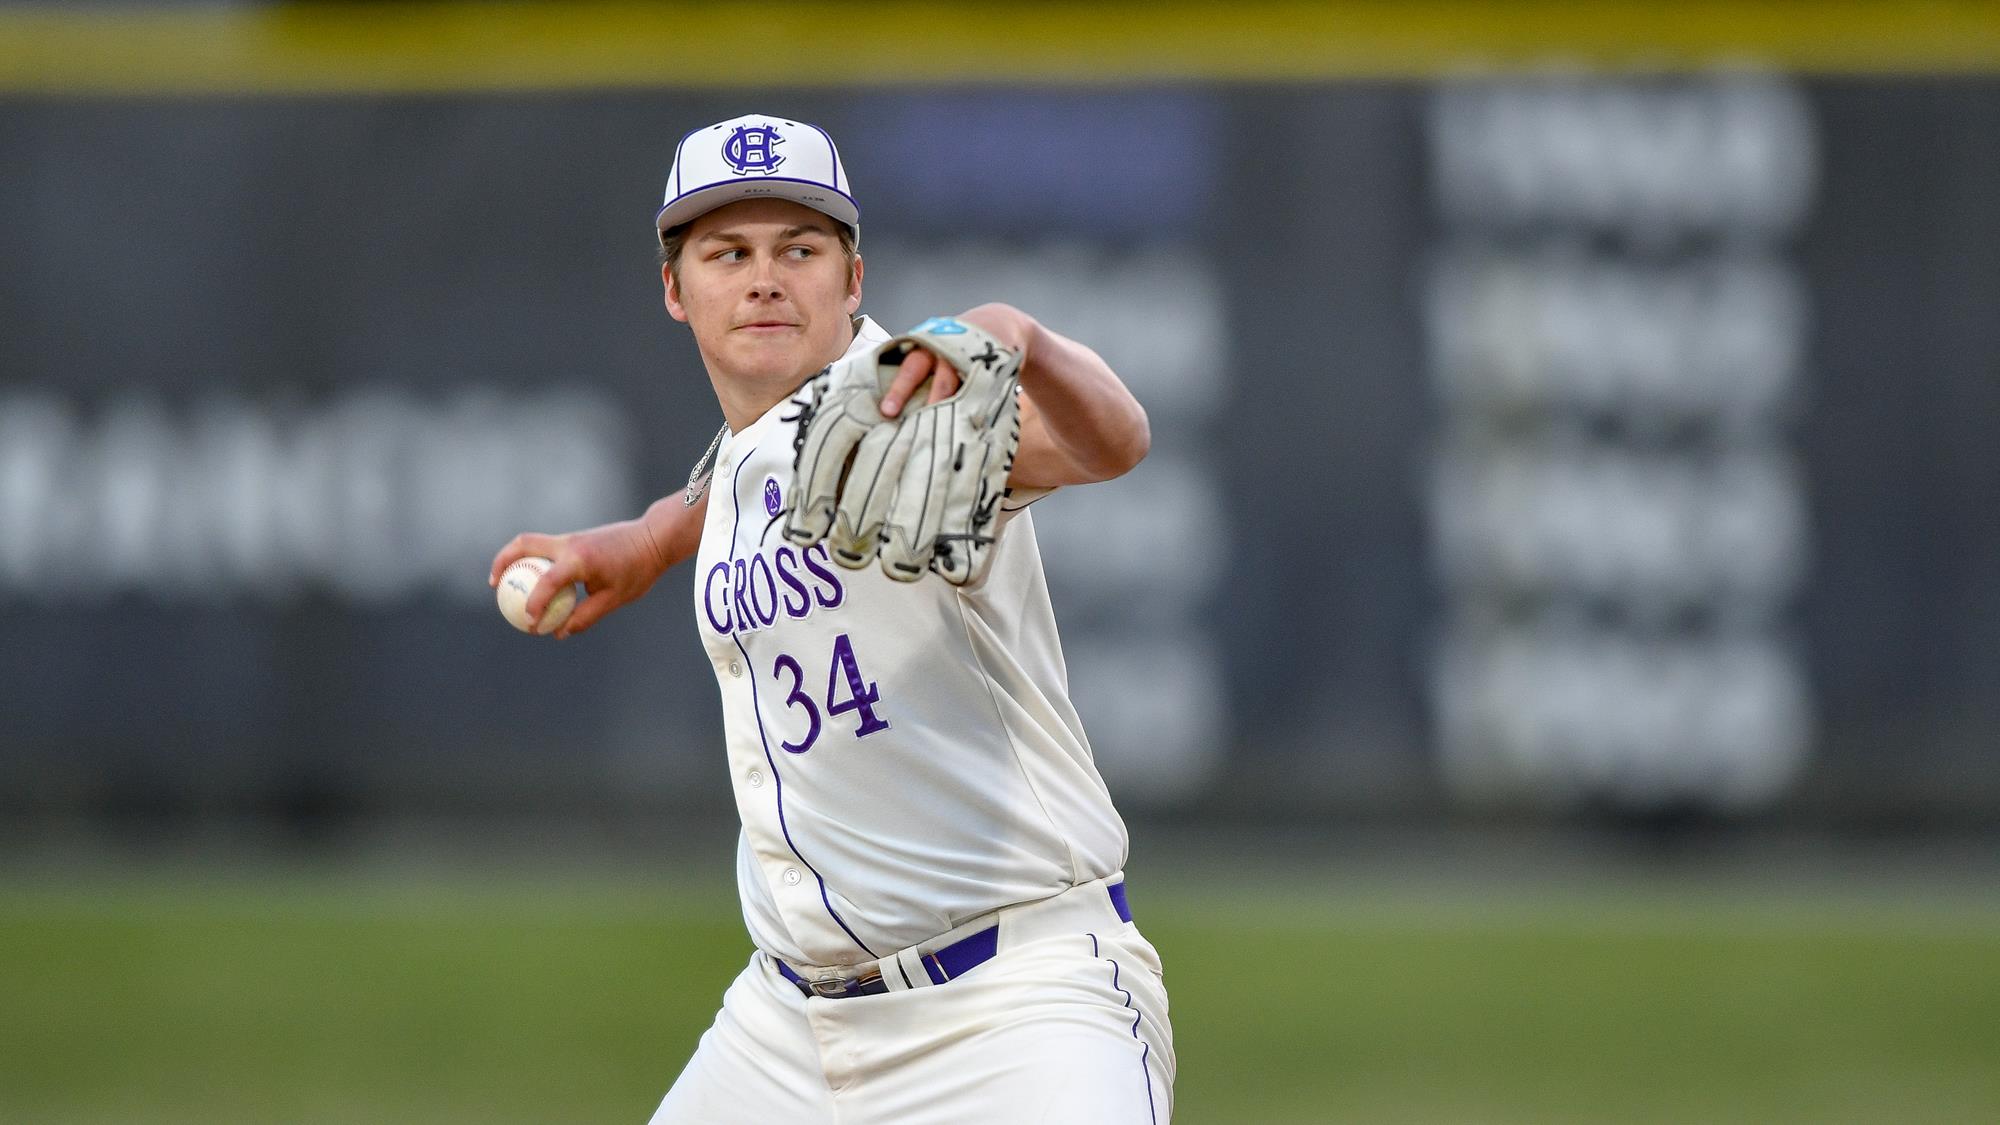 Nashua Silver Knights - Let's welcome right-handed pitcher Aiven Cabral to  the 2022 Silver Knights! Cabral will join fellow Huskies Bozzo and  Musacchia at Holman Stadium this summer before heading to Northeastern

★ ★ ★

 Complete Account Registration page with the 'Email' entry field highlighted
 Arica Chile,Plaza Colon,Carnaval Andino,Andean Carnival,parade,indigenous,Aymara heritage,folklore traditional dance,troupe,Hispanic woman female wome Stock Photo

★ ★ ★

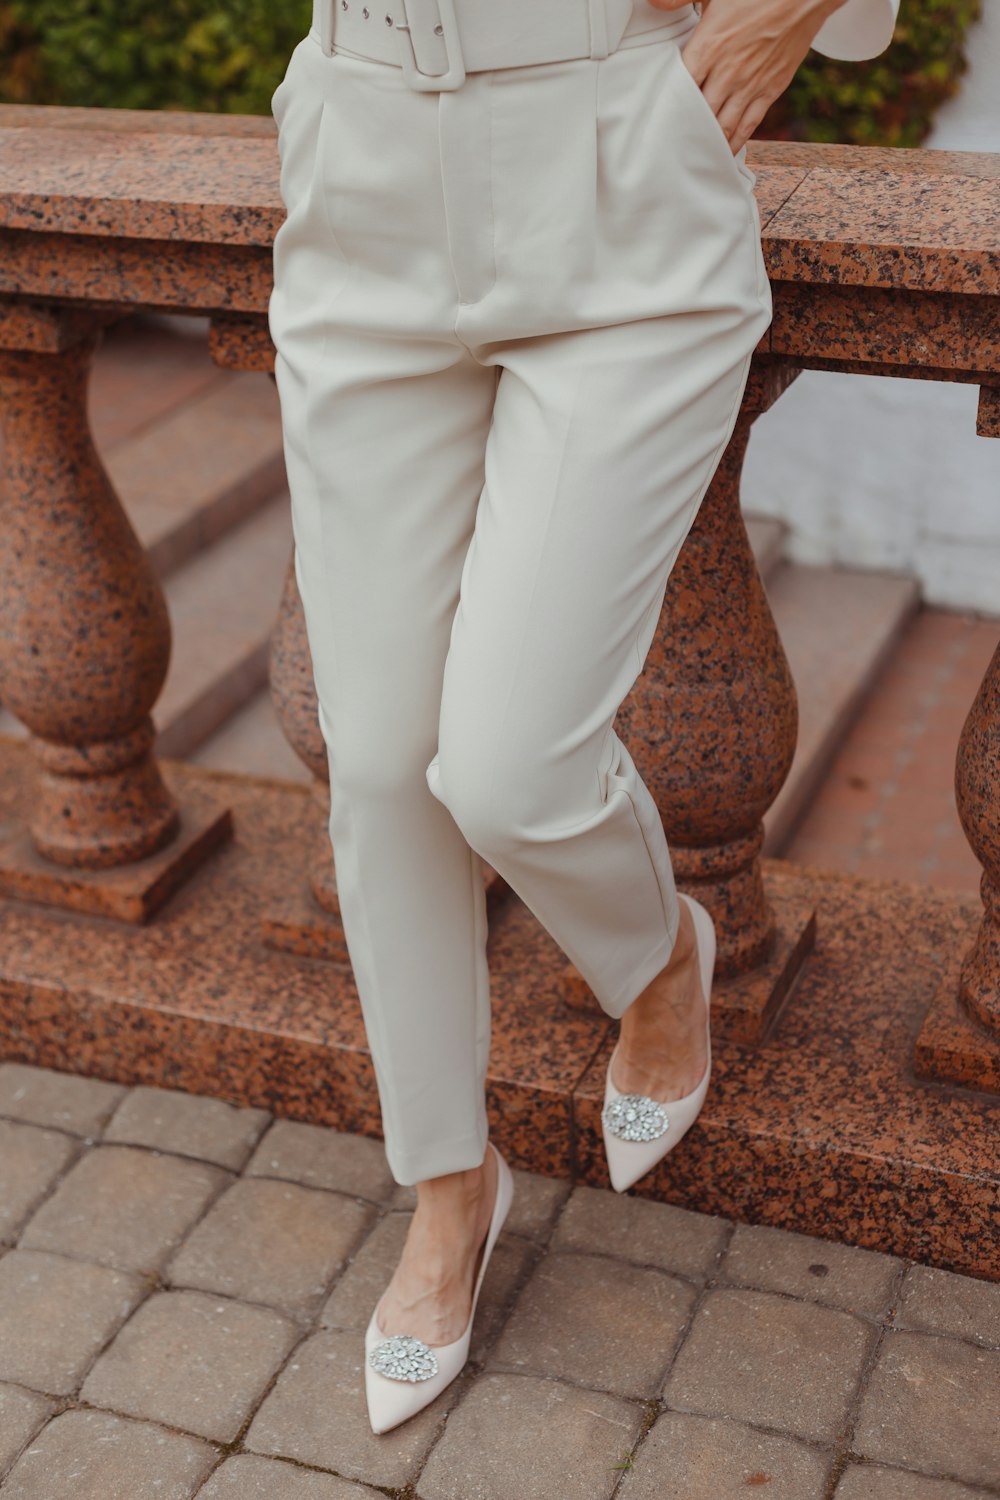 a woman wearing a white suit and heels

★ ★ ★

Every line from the line containing "Complete Account Registration" through the line containing "Arica Chile,Plaza Colon,Carnaval" in the records above must be retyped exactly. Leave out the rest.

WRITTEN RESPONSE —
 Complete Account Registration page with the 'Email' entry field highlighted
 Arica Chile,Plaza Colon,Carnaval Andino,Andean Carnival,parade,indigenous,Aymara heritage,folklore traditional dance,troupe,Hispanic woman female wome Stock Photo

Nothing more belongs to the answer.